口腔外科担当 医療法人社団マハロ会 口腔外科部長
歯科医師(医学博士) 西原 昇インタビュー
ひとつ言えるのは「あなたにとって最善の方法を取って、出来るだけあなたが辛くないように頑張ってやります」ということです。
目次
先生は日本口腔外科学会の「指導医・認定医」と伺いました。新橋赤レンガ歯科クリニックでは、何の治療が一番多いですか?
親知らずの抜歯が一番多いですね。
あとは外科処置的なもの・・・たとえば「歯根端切除(しこんたんせつじょ)」といって根っこの先にたまった膿を取るもの。
あとはインプラント、顎関節症(がくかんせつしょう)ですね。
新橋は、仕事で忙しい人が多いですよね。
抜歯は、大学病院では問診や診察をして次回に抜糸の予約を行い「また来てね」という感じになると思います。

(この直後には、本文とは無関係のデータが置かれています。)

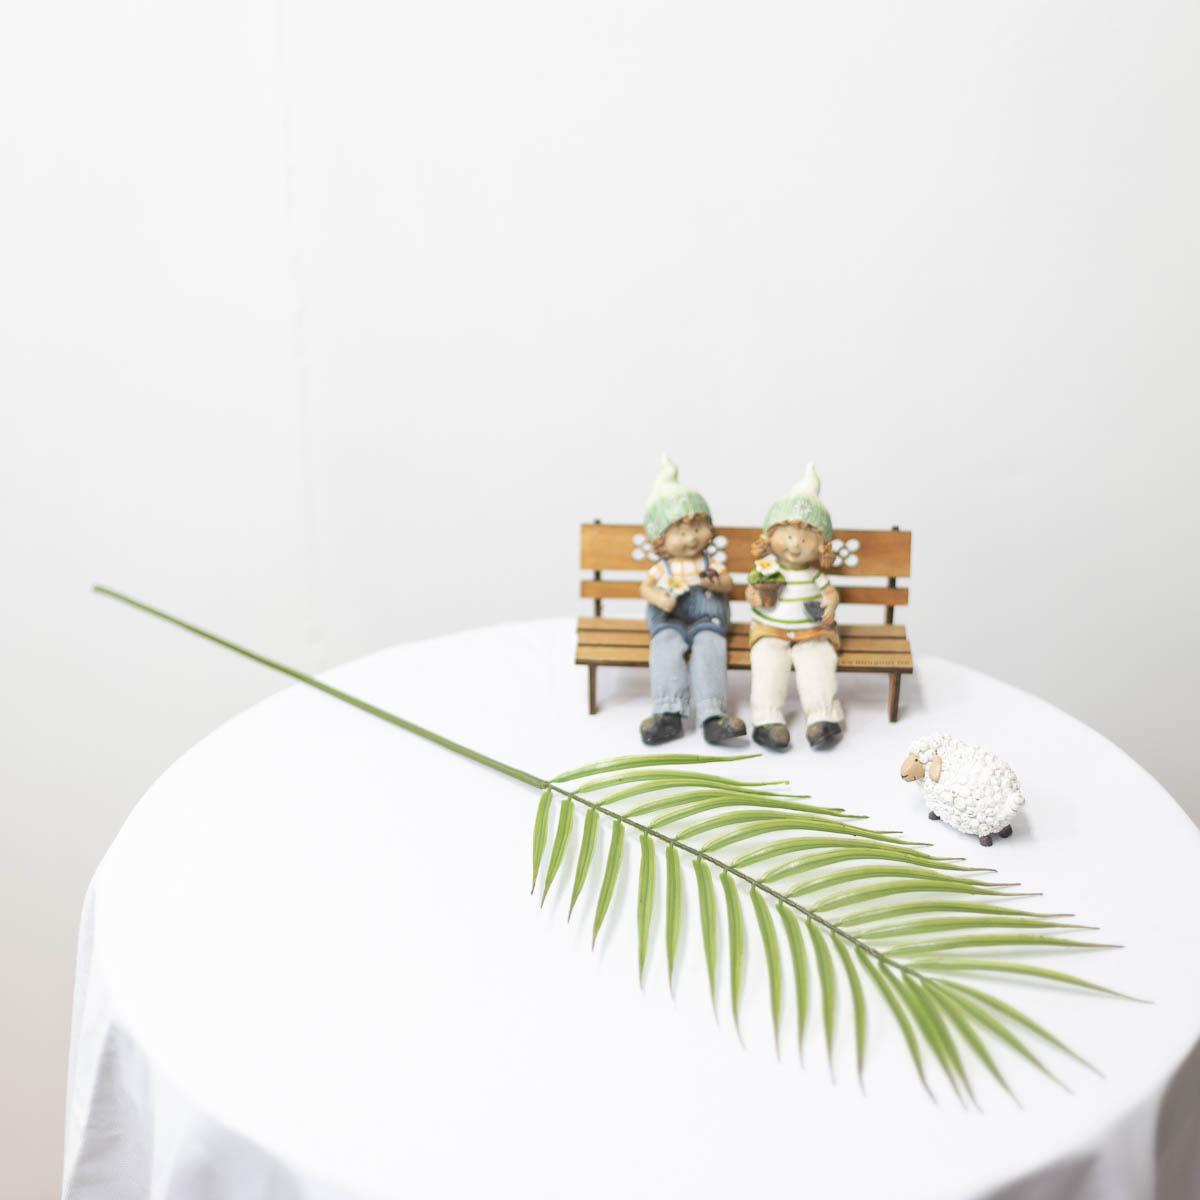 아레카야자조화 잎사귀 나무가지 79cm 잎사귀 윗쪽

新橋赤レンガ歯科クリニックでの私の診療は月1回ですが(※)、時間を合わせていただければ、僕だったらほぼその日のうちに抜いちゃいます。
(※)同じ医療法人の医院での診療があるため
忙しいビジネスマンにとって、抜歯が1回で済むのはいいですね。
抜歯の患者さんばかり集める医院さんだと、1日に午前午後合わせて20本くらい抜くこともありますよ。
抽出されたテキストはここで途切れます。